De-Tracking and school to work transition: Evidence from a German Secondary School Reform

About this Session

Time

Thu. 16.04. 12:00

Room

Speaker

Early tracking can reinforce educational inequalities by limiting upward mobility, particularly for students from disadvantaged backgrounds, in particular those with a migration background. In Germany, students have traditionally been divided into three distinct school tracks at an early age, resulting in low educational mobility. Around 2010, eight of the sixteen German federal states responded by restructuring their secondary school systems: they merged lower-tier schools (Hauptschule and Realschule), thereby replacing the traditional three-tier structure with a two-tier system. While previous studies have examined the effects of similar reforms on academic performance, we focus on their impact on educational attainment and transitions into employment and post-secondary education.
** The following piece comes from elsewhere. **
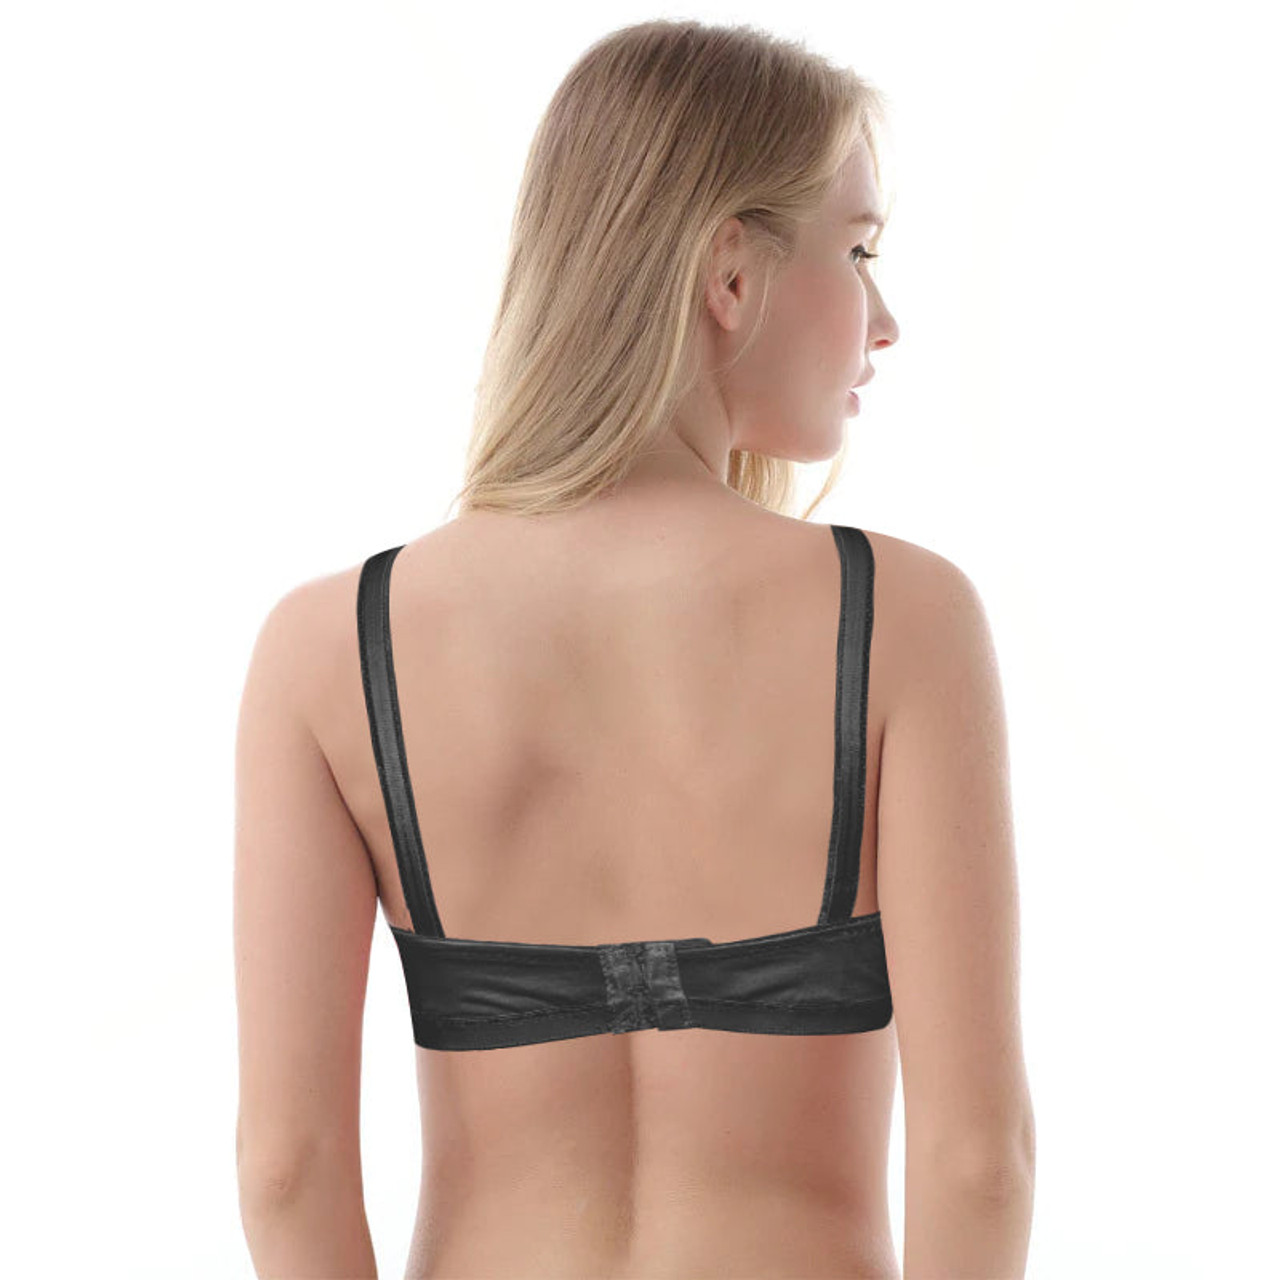 Buy Online Plus Size Cotton Thin Strap Embroidered Bra at

Our analysis exploits variation in the timing of reform implementation at the school level and applies a difference-in-differences design using rich administrative social security data. The data cover more than 100,000 students and link their education and employment histories to 186 post-reform schools. We find that the educational attainment of migrant students improves following the reform: the share of students leaving school with only the most basic degree declines by 3.6 percentage points, corresponding to a 16 percent reduction. Despite these gains in school-leaving qualifications, effects on school-to-work transitions 10 years after secondary school enrolment (at age 20/21) remain limited. Migrant students spend more days in training after the reform, a result mainly driven by disadvantaged migrants from welfare-dependent households, but vocational training participation, employment rates, and wages remain unaffected. By providing causal evidence on the effects of detracking, our findings contribute to the broader debate on educational mobility and offer important insights for policies aimed at reducing structural inequalities in education and the labor market.